§ **Data**:
= Beginning of Section =
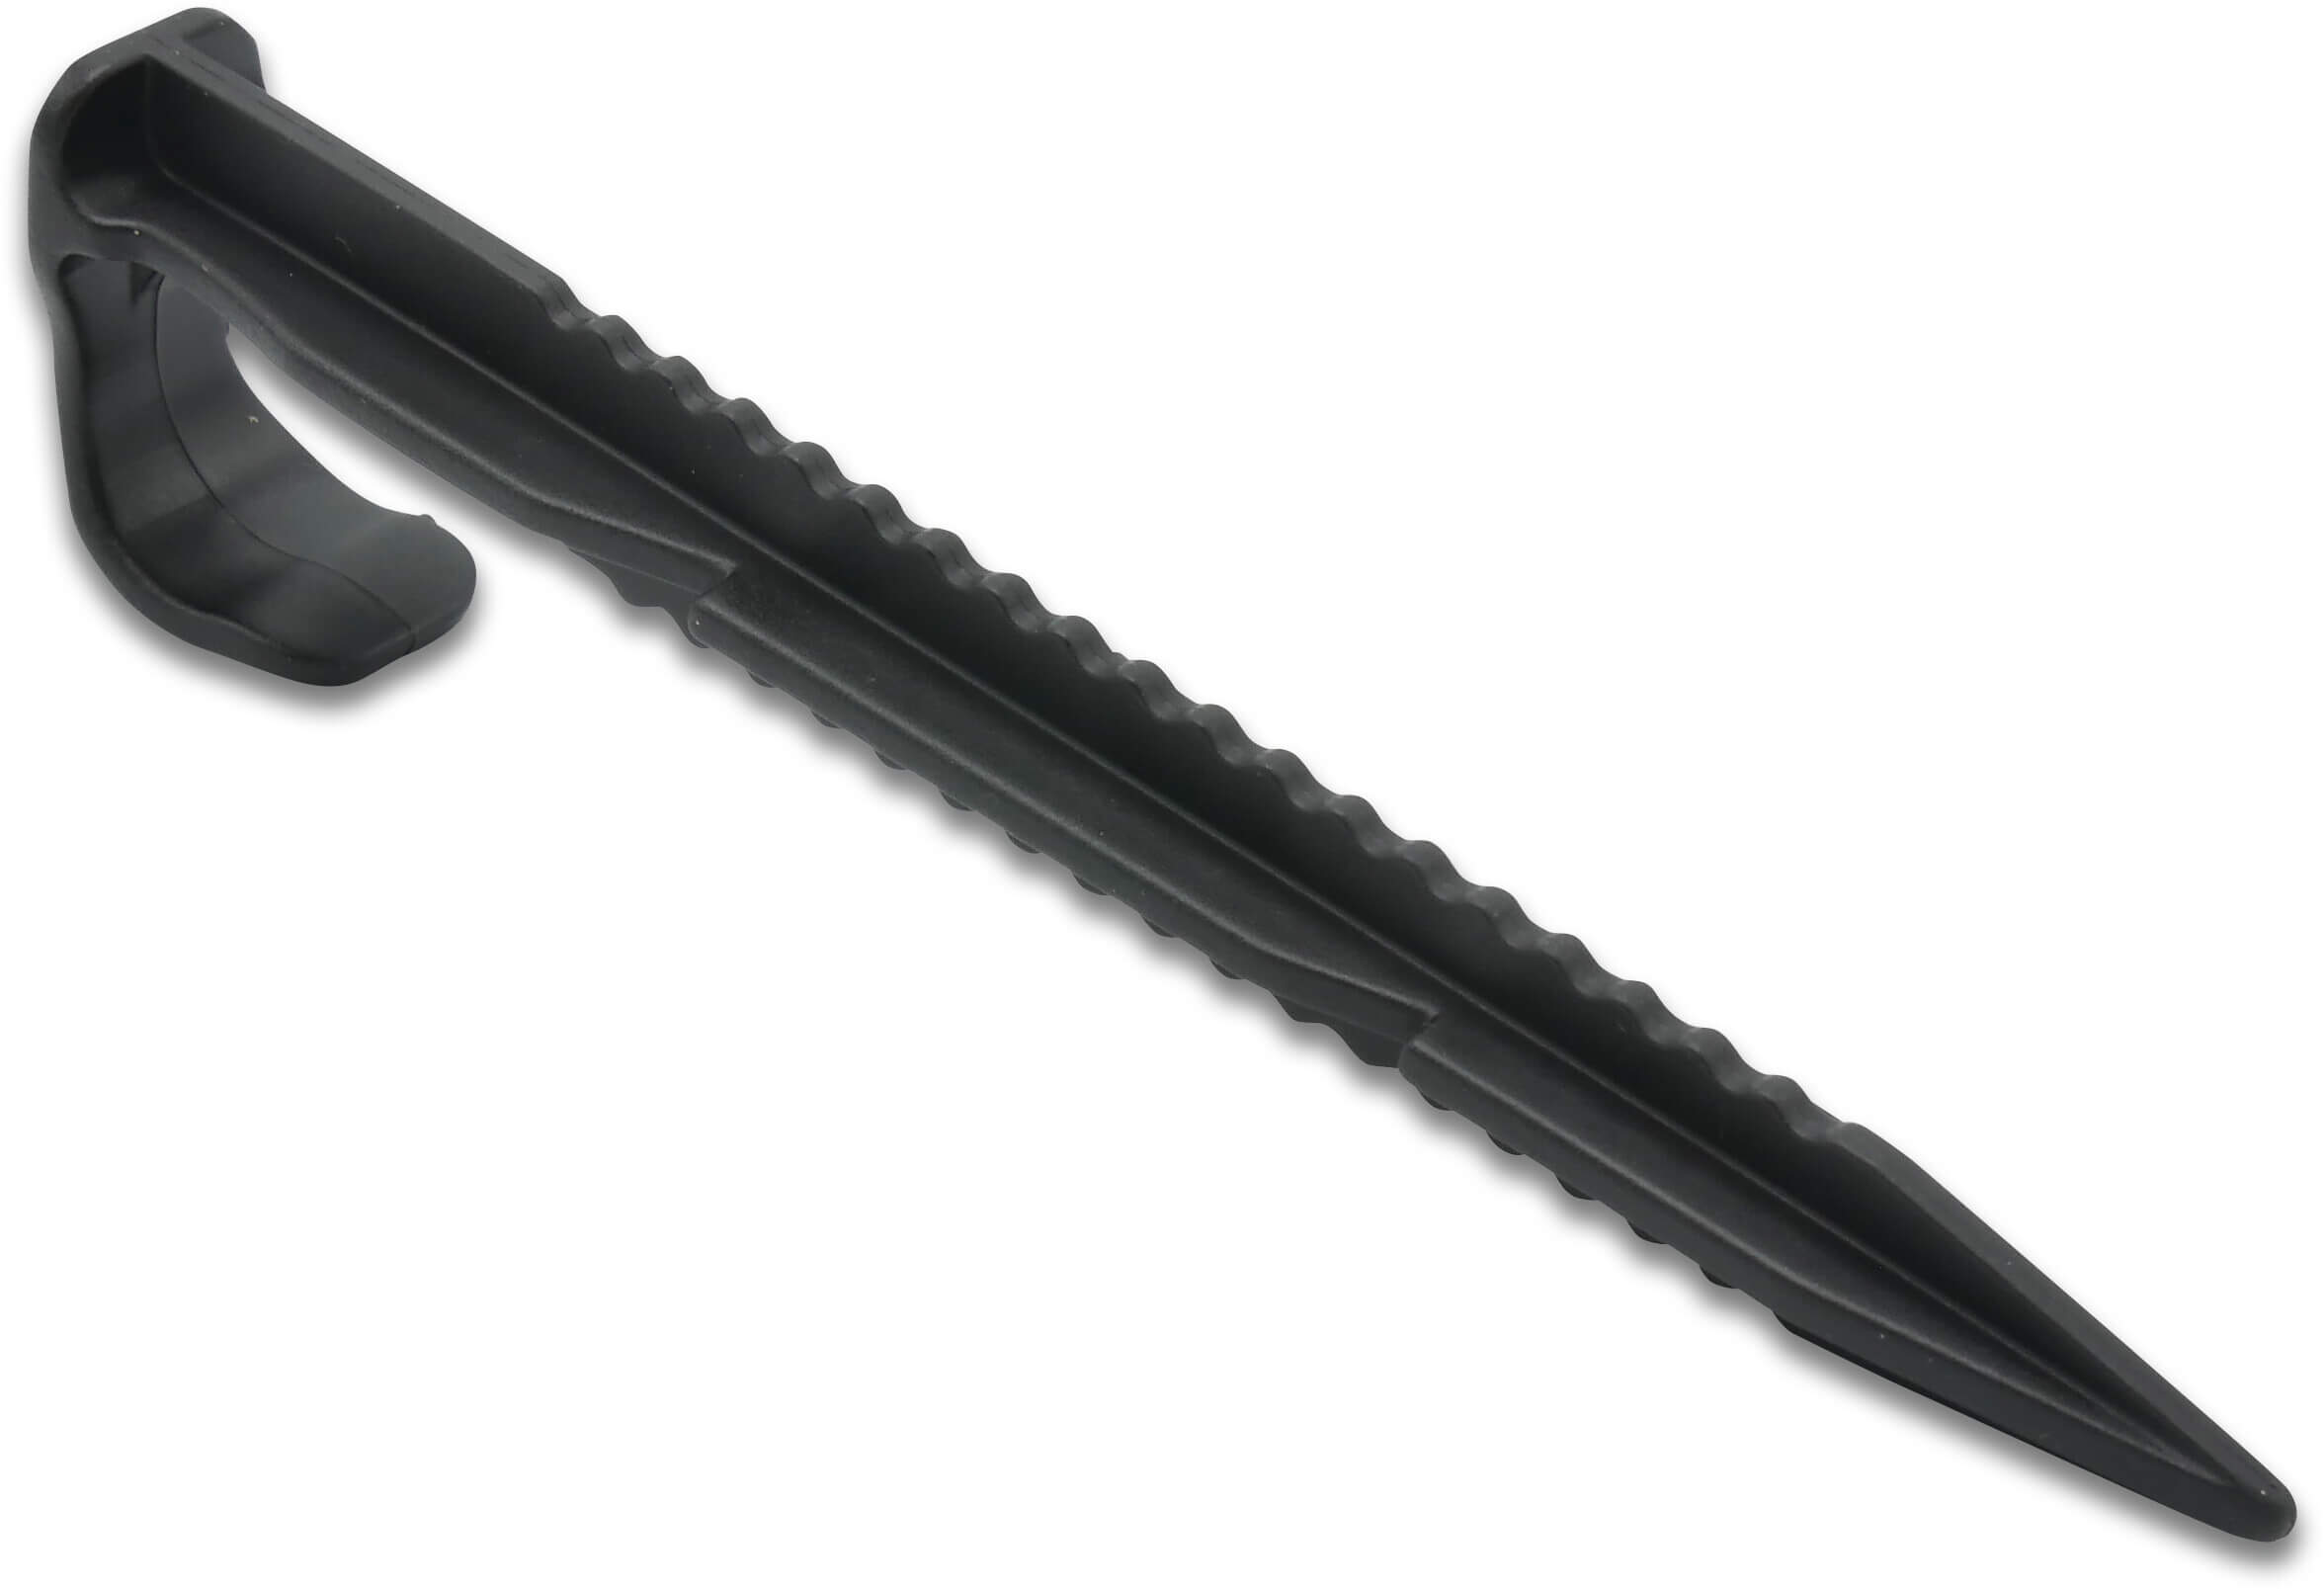 Tie-Down stake plastic 16-20 mm 15cm black
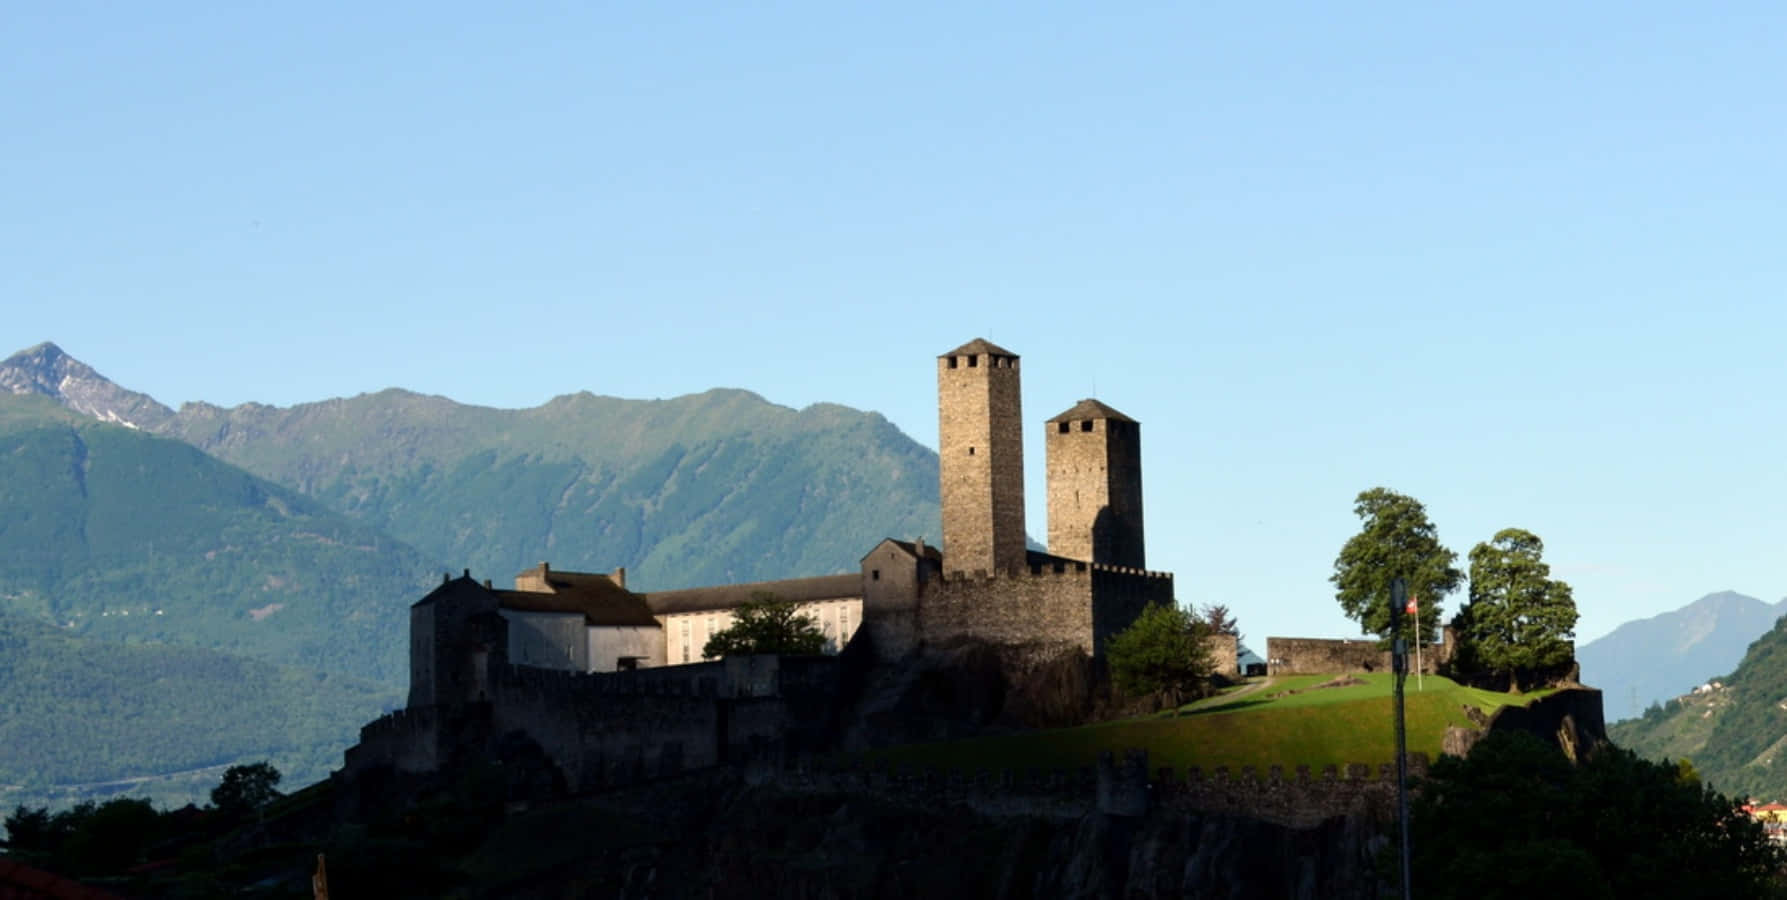 Majestic View Of The Historic Castelgrande In Bellinzona, Switzerland Wallpaper
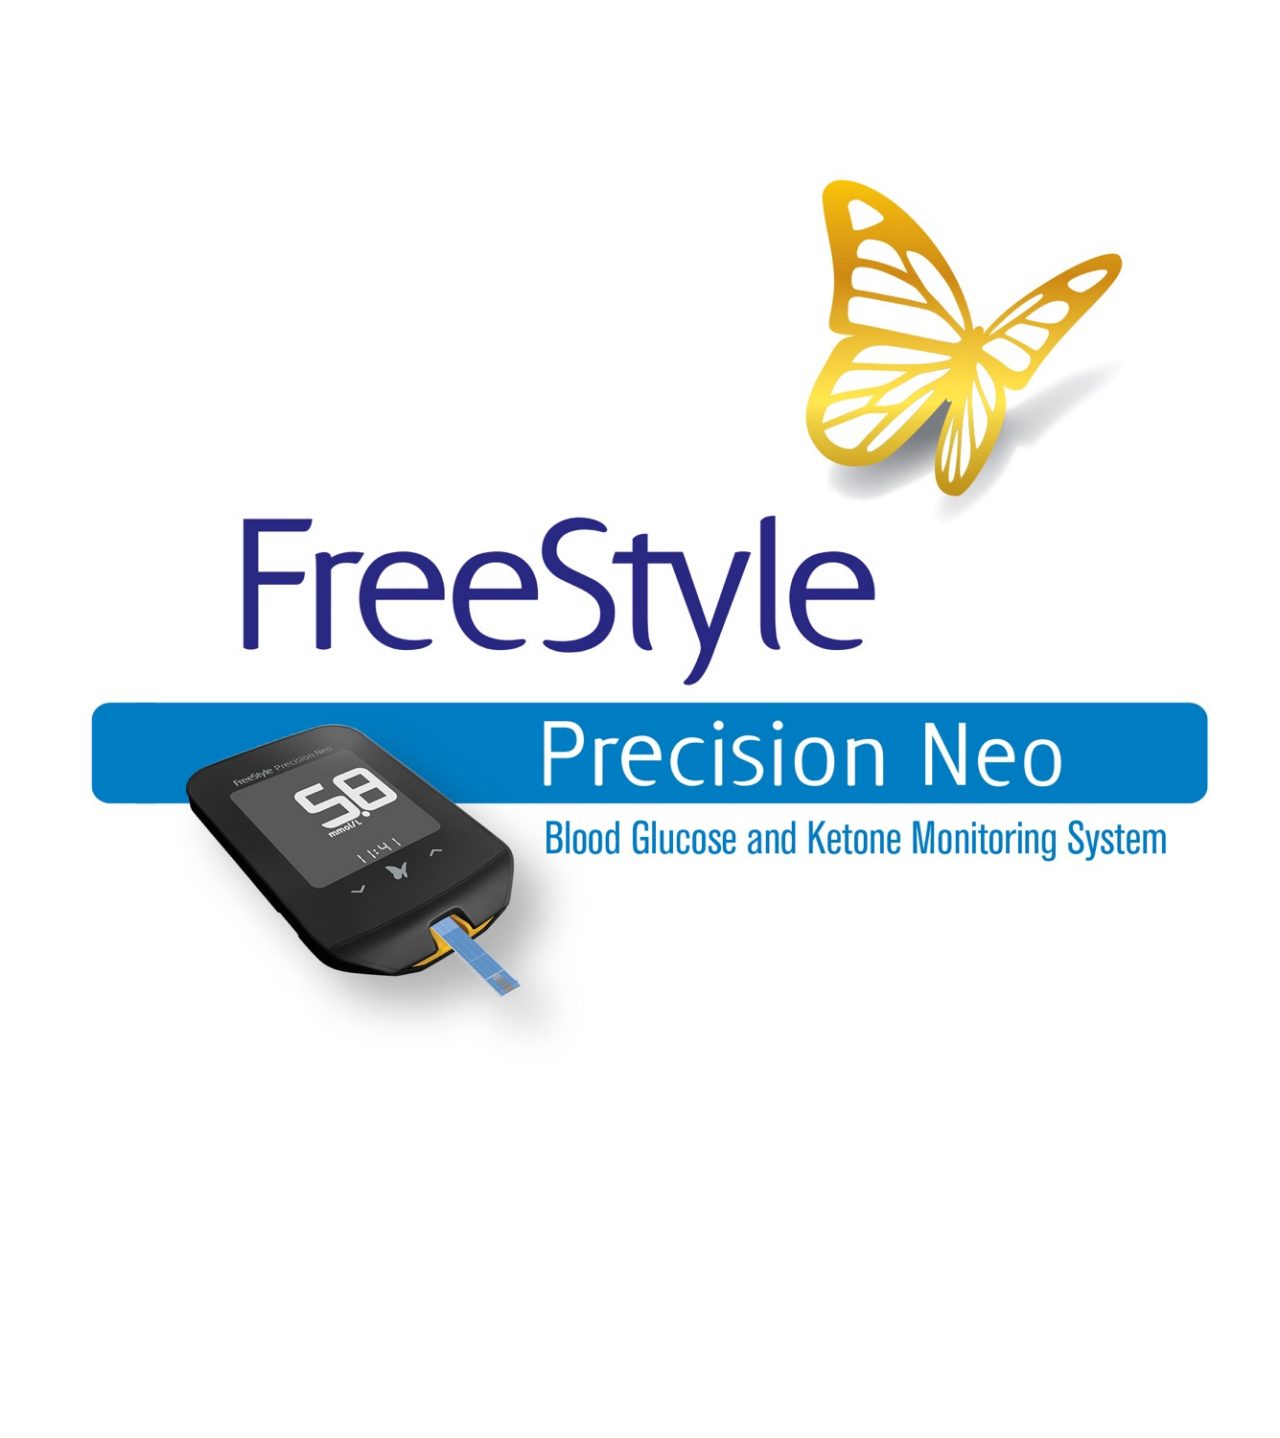 FreeStyle Precision Neo
= End of Section =
§ **What is being asked**: Reproduce nothing but the lines from the line containing "Majestic View Of" through the last line of the data above, exactly as written and without pictures.

§ **The completed task**:
 Majestic View Of The Historic Castelgrande In Bellinzona, Switzerland Wallpaper
 FreeStyle Precision Neo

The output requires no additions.